(Recorded data)
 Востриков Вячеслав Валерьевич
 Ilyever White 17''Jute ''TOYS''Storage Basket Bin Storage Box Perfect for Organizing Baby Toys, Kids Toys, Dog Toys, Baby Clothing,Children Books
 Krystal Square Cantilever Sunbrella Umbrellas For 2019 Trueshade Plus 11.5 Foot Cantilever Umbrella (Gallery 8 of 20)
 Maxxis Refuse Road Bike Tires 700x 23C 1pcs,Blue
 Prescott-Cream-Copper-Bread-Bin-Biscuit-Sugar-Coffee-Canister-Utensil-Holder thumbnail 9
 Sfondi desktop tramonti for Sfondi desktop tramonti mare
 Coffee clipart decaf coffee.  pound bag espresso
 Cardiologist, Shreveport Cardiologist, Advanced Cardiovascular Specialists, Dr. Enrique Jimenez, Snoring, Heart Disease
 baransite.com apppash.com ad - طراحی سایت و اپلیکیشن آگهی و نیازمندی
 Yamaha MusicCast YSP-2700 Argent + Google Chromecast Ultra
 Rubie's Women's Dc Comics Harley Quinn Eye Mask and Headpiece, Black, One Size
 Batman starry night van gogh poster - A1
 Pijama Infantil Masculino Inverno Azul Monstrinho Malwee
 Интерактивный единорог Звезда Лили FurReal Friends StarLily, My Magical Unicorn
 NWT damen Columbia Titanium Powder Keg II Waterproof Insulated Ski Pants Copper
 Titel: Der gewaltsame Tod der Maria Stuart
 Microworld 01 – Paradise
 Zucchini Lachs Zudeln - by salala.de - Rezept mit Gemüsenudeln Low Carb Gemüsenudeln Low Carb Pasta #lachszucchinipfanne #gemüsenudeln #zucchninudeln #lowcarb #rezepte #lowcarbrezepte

WHAT THIS TASK INVOLVES
Each line of the records, from the opening one through the line holding "Krystal Square Cantilever", should be restated word for word, with nothing else in the answer.

EXPECTED ANSWER
 Востриков Вячеслав Валерьевич
 Ilyever White 17''Jute ''TOYS''Storage Basket Bin Storage Box Perfect for Organizing Baby Toys, Kids Toys, Dog Toys, Baby Clothing,Children Books
 Krystal Square Cantilever Sunbrella Umbrellas For 2019 Trueshade Plus 11.5 Foot Cantilever Umbrella (Gallery 8 of 20)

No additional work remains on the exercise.